** Opening Provided data block **
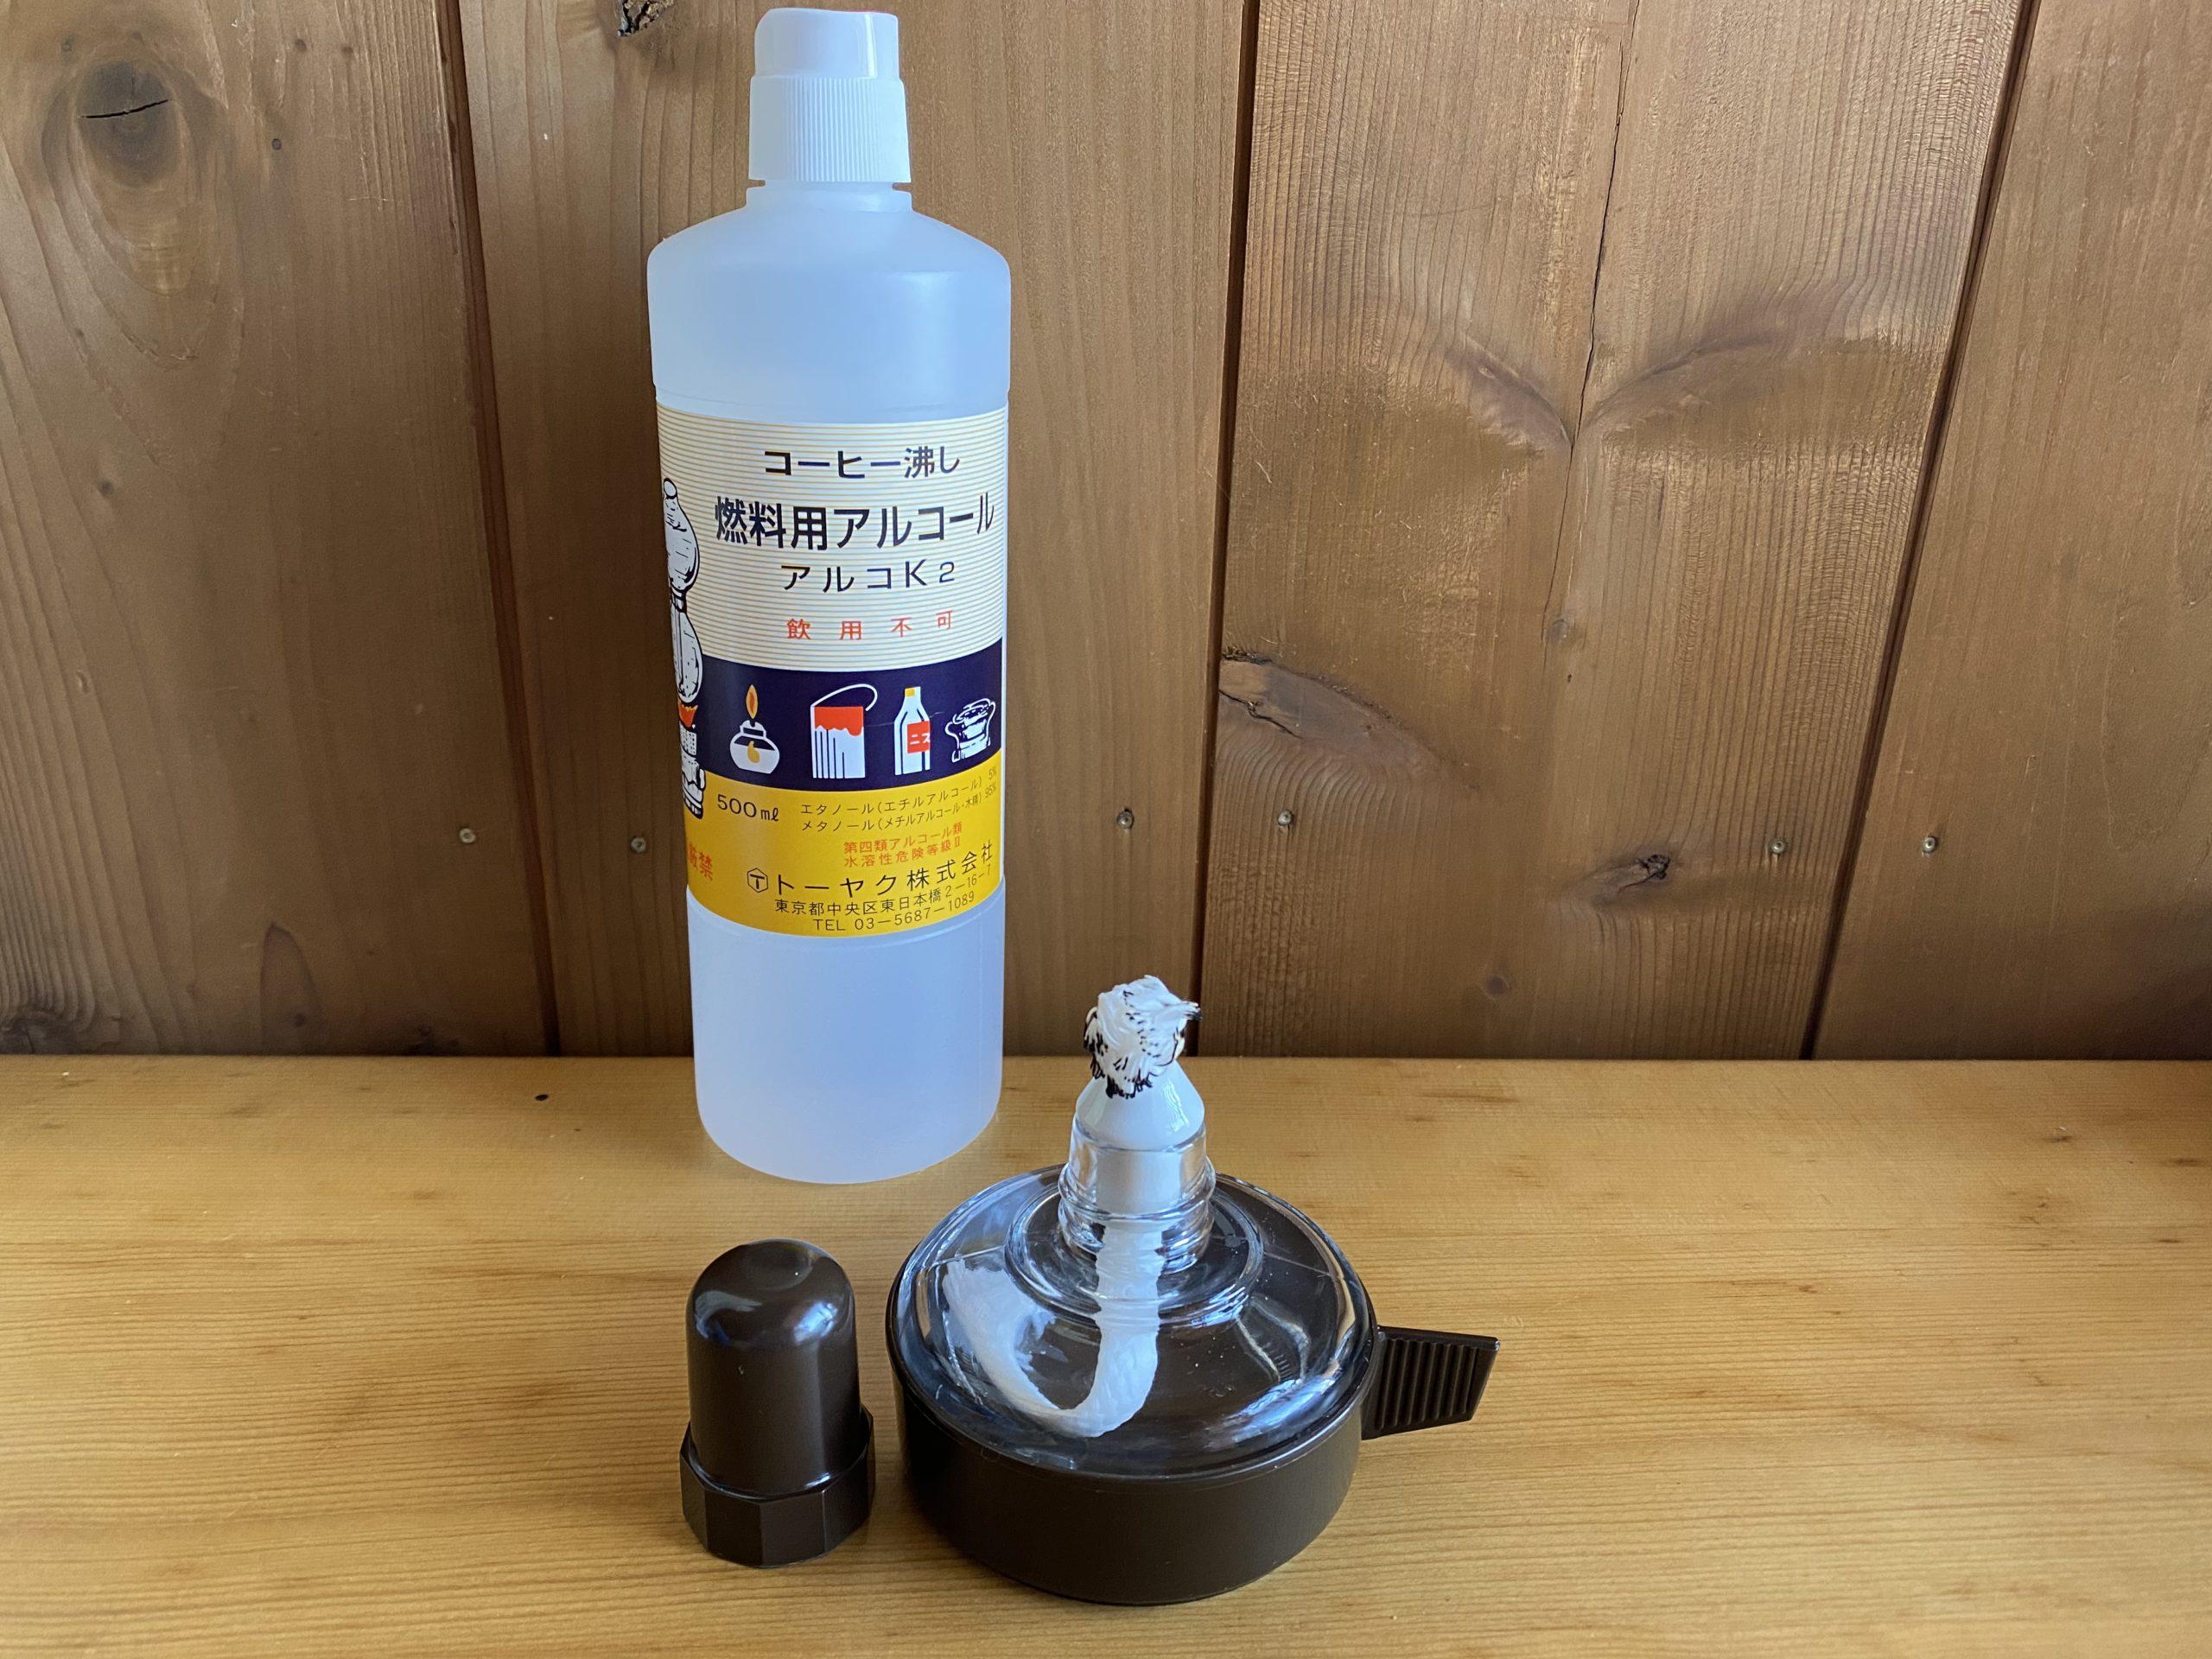 ロッドクラフト用アルコールランプ
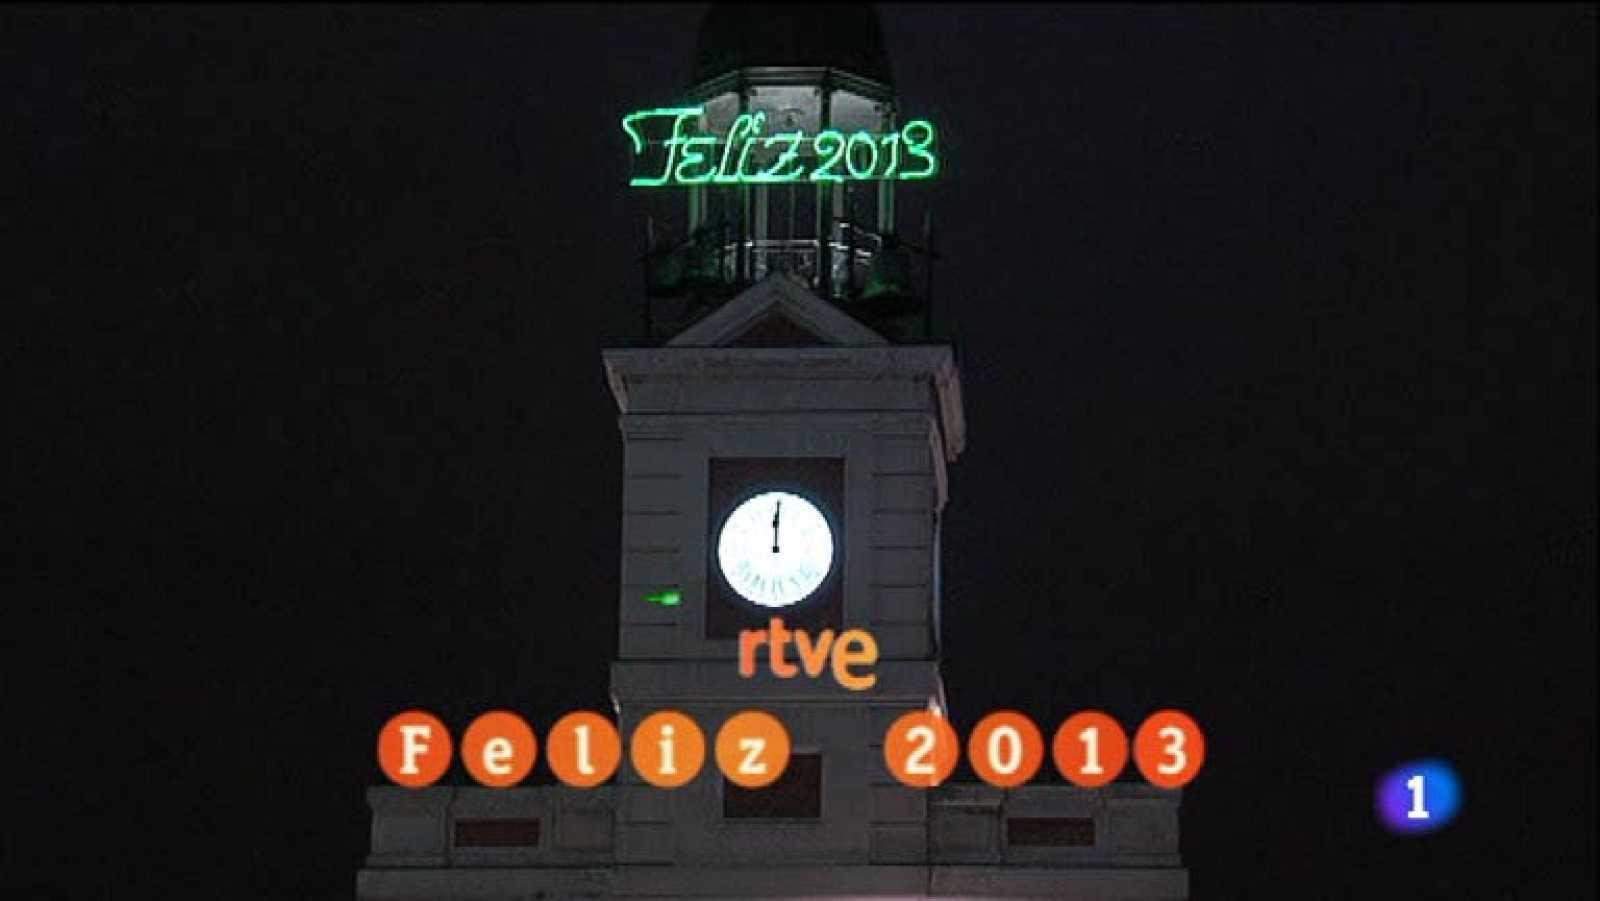 Las doce camapanadas de fin de año 2012 - ver vídeo
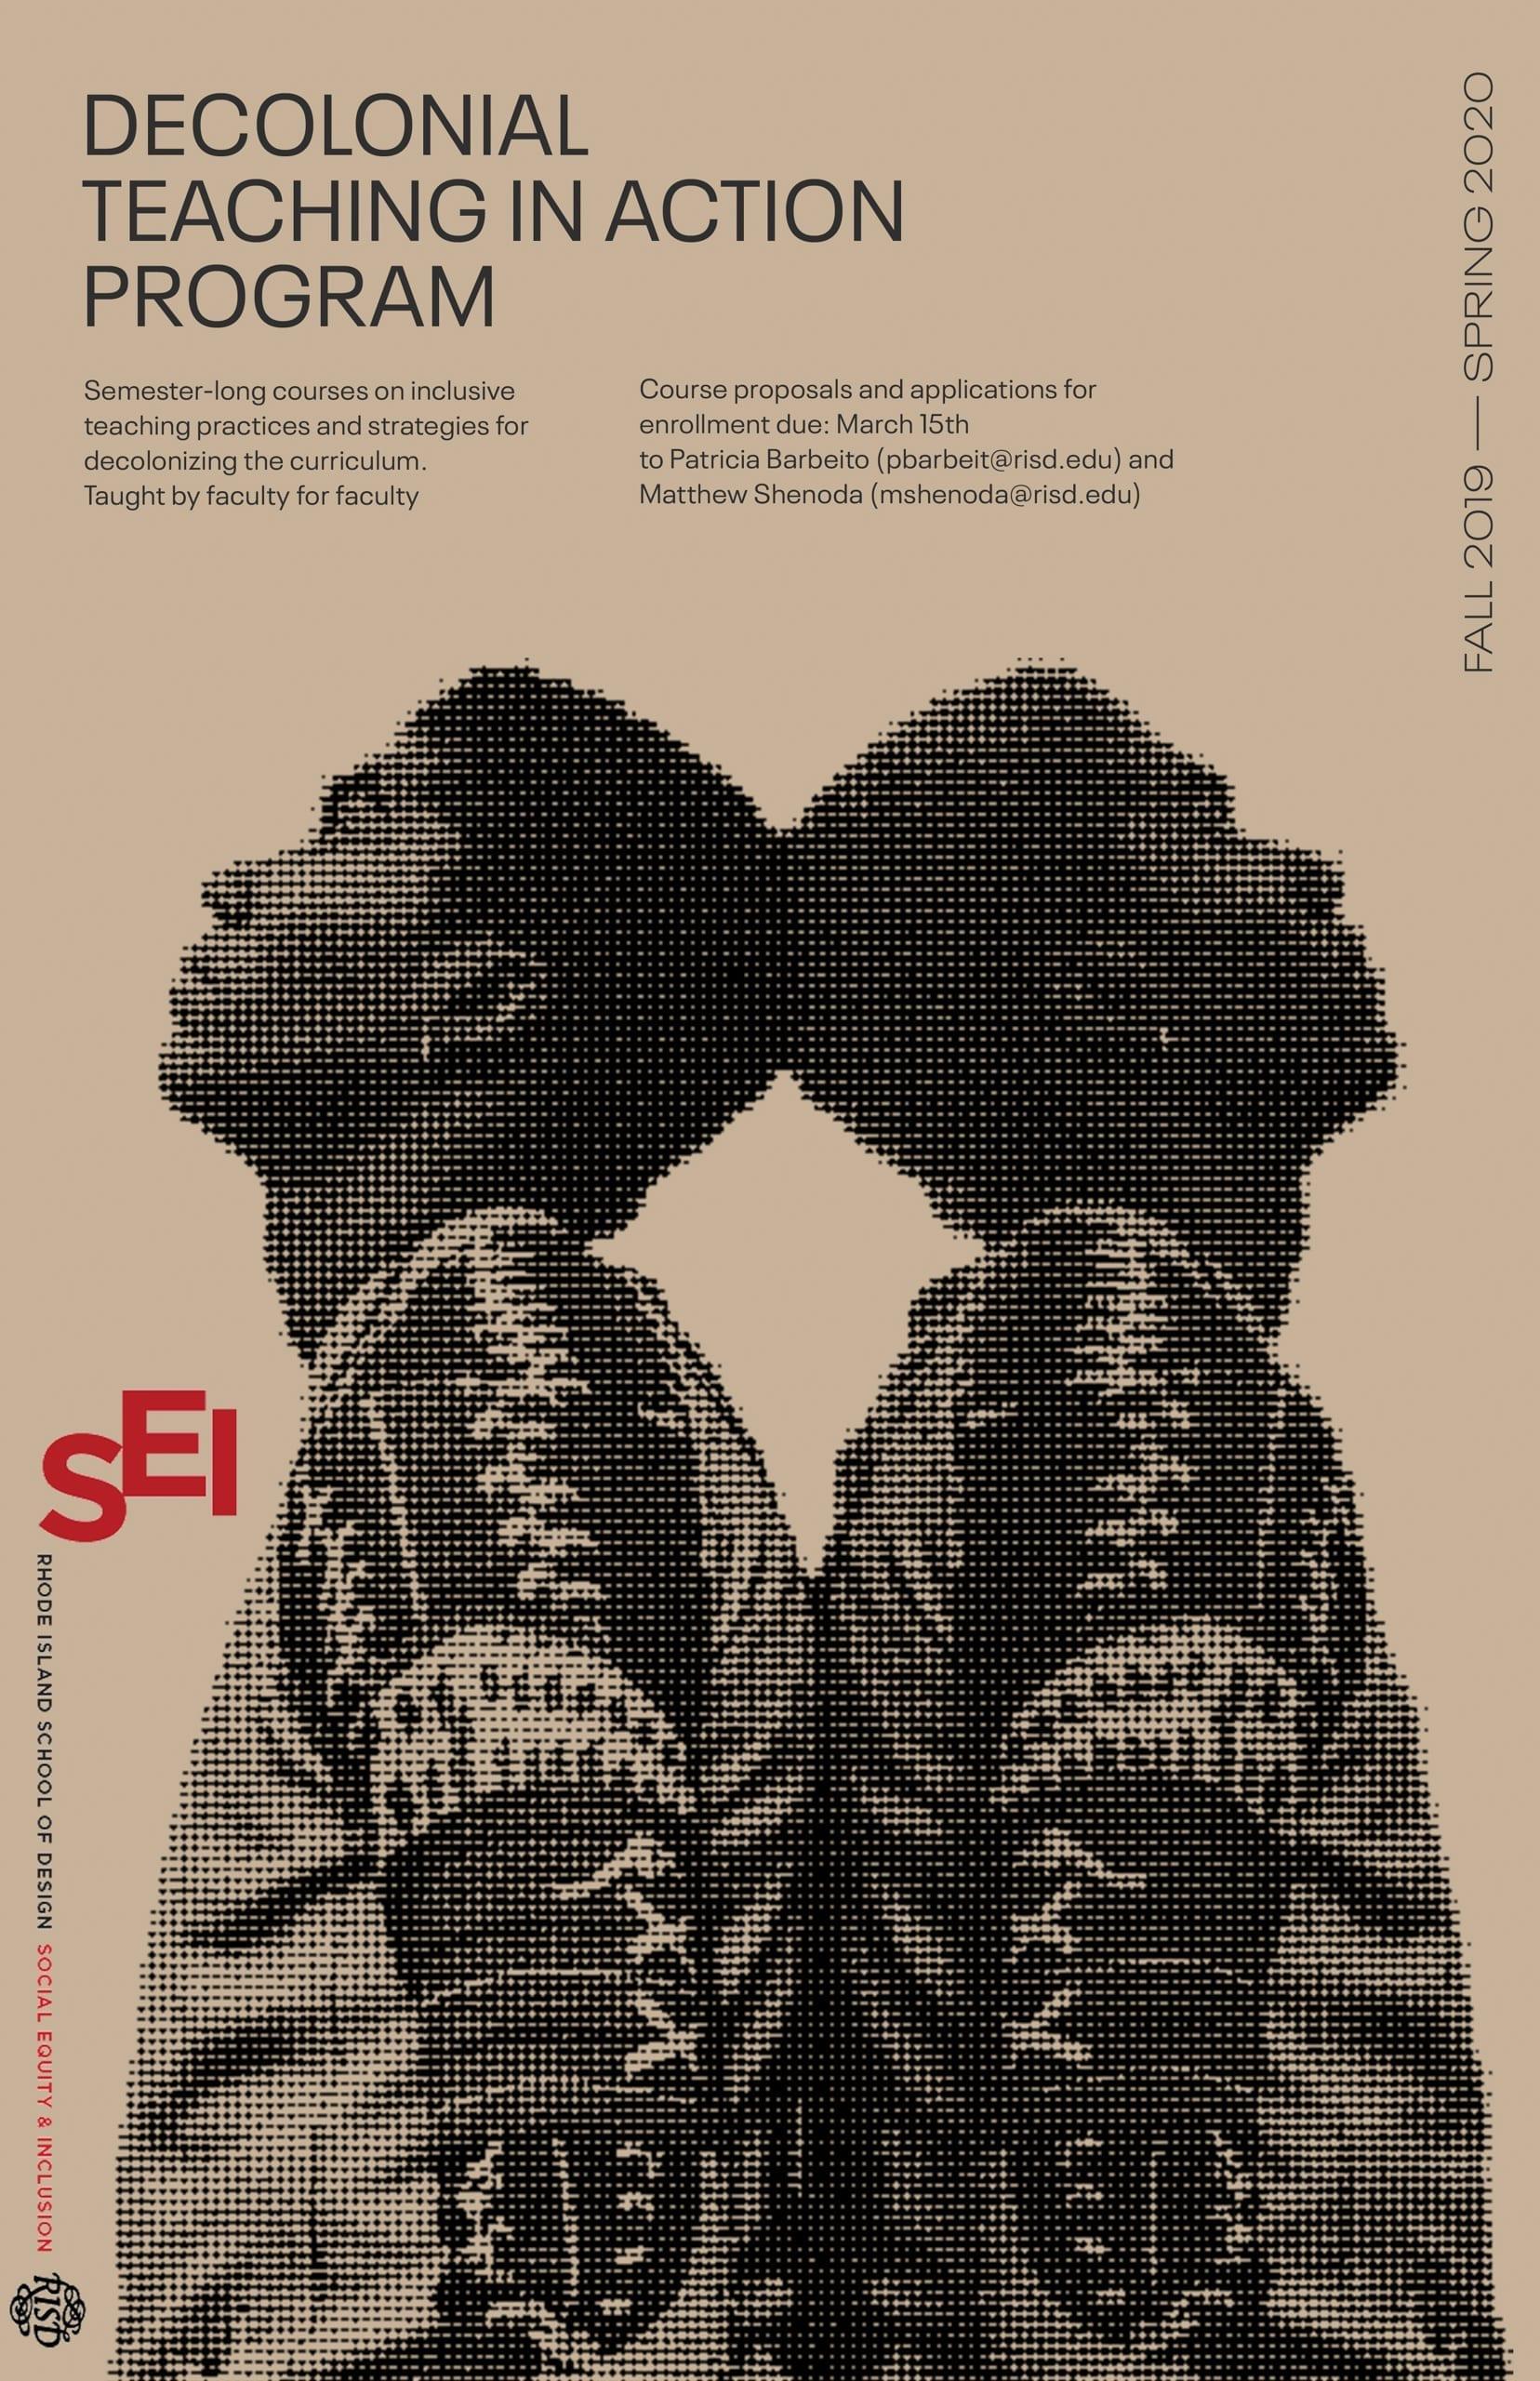 SEI Poster
** Closing Provided data block **
Task prompt: No picture is to be included when the lines from the one containing "Las doce camapanadas" through the end of the material above are output exactly; nothing else is written.

Solution below:
 Las doce camapanadas de fin de año 2012 - ver vídeo
 SEI Poster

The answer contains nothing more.